The daily with the highest percentage of articles on who was responsible for remedies was again the regional Bengali-language daily Anandabazar Patrika. Lagging behind was the Hindu-language daily Dainik Jagran, the English-language newspaper The Times of India and the regional Telugu daily Eenadu and the Urdu-language paper Munsif.


How did these news organizations set the public’s agenda on how to think about the Maoist uprising, technically called theagenda-setting power’ of the press

All five news organizations represented the uprising in terms of what the government was actively doing to address the crisis through its police interventions and pro-social work, not on what it should have done in a timely manner earlier.

Mody’s measurement of the comprehensiveness of news reports showed that the lower-revenue Anandabazar Patrika Bengali regional daily had more articles with photos or graphics than the other four dailies, more articles that listed causes than the other four, and more articles that listed remedies than three of the others.

This newspaper’s performance on article comprehensiveness indicates that factors other than revenue size affected coverage of issues. The study shows that the average Anandabazar Patrika article on the Maoist uprising was more comprehensive in its reportage than the average article written for Hindi readers by Dainik Jagran, the average article written for English readers by The Times of India, the average article written by Eenadu for its Telugu readers and the average article written by Munsif for its Urdu readers.

Concluding, Mody writes that “more than 90 percent of the articles on the Maoist movement in all five dailies were framed as individual episodes or events with no explanation addressing causes, remedies, or context. Description of the event was the common frame: who, what, when, where - no why.” The causes of the conflict were mentioned in passing in up to 23 per cent of articles in Anandabazar Patrika but were predominant in only 0–2 per cent of the others.  

The study was designed to investigate the adequacy of the quantity and quality of disinterested political knowledge supplied by the daily press to distinct linguistic electoratesto keep India’s democracy whole and alive. The topic chosen for comparison was armed revolution as an alternative to parliamentary democracy. The findings show a low supply of knowledge to their reader-electorates by the highest circulation dailies per language and significant differences between them that compound other neglects (e.g. economic).

Since the foremost function of newspapers is to provide quality information to citizens, newspapers need to provide contextual information to readers repeatedly, especially in these times of sparse-attention spans, to help them make sense of the chaos of big data. No news organization did follow-ups or tracked government progress in addressing the causes of the neglect of marginalized groups.

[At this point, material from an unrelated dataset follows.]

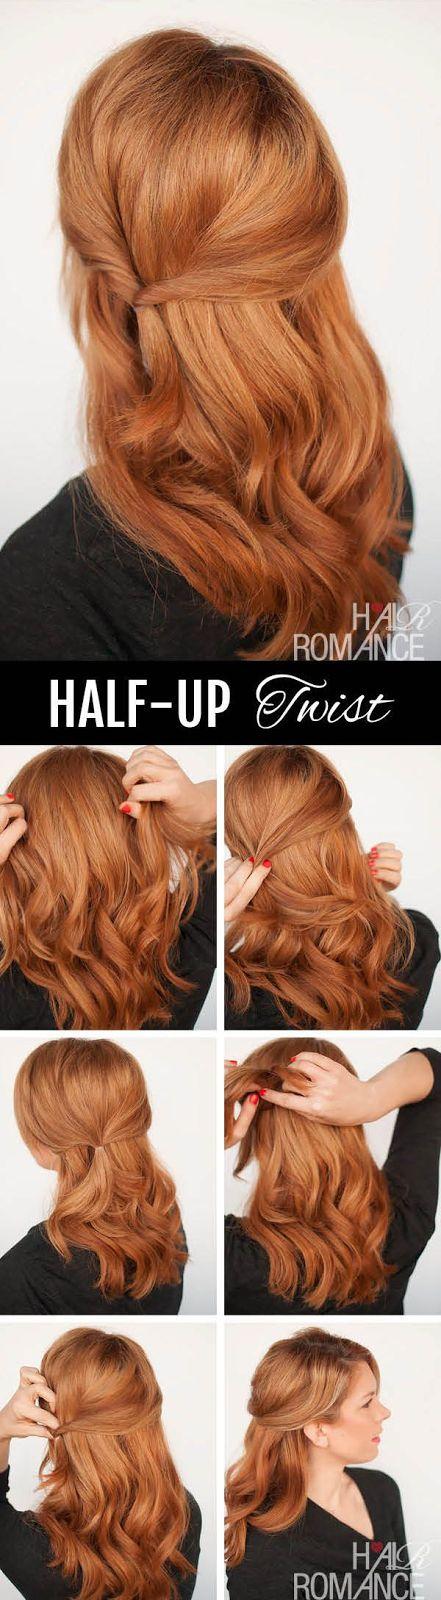 Half-up Twist Hairstyle Tutorial

The study focused only on one issue but it illustrates nonetheless how even the most widely-read profitable dailies did not provide comprehensive information to their readers over a twelve-month period. The Maoist uprising affects one-third of the country and has taken over 10,000 lives over ten years. Neglect of who is responsible in crisis reporting by a daily press that can potentially be read by 70 per cent of the country’s reader-electorate, indicates a media space not exercising its  fundamental democratic muscle, allowing the attitudes of the powerful to remain uncontested.

Given this state of affairs - newspapers possibly providing the same news-agency bulletin-type of information and covering those issues that are in the interests of their advertisers/owners – the outlook for Indian public discourse and consequently the democratic system, looks bleak.

Mody’s paper closes by asking: can for-profit news organizations be relied on as the only pillar of public citizenship education conducive to reflection on political issues? What are the alternative funding models that need to be explored now before internet penetration and market fragmentation reach Indian shores?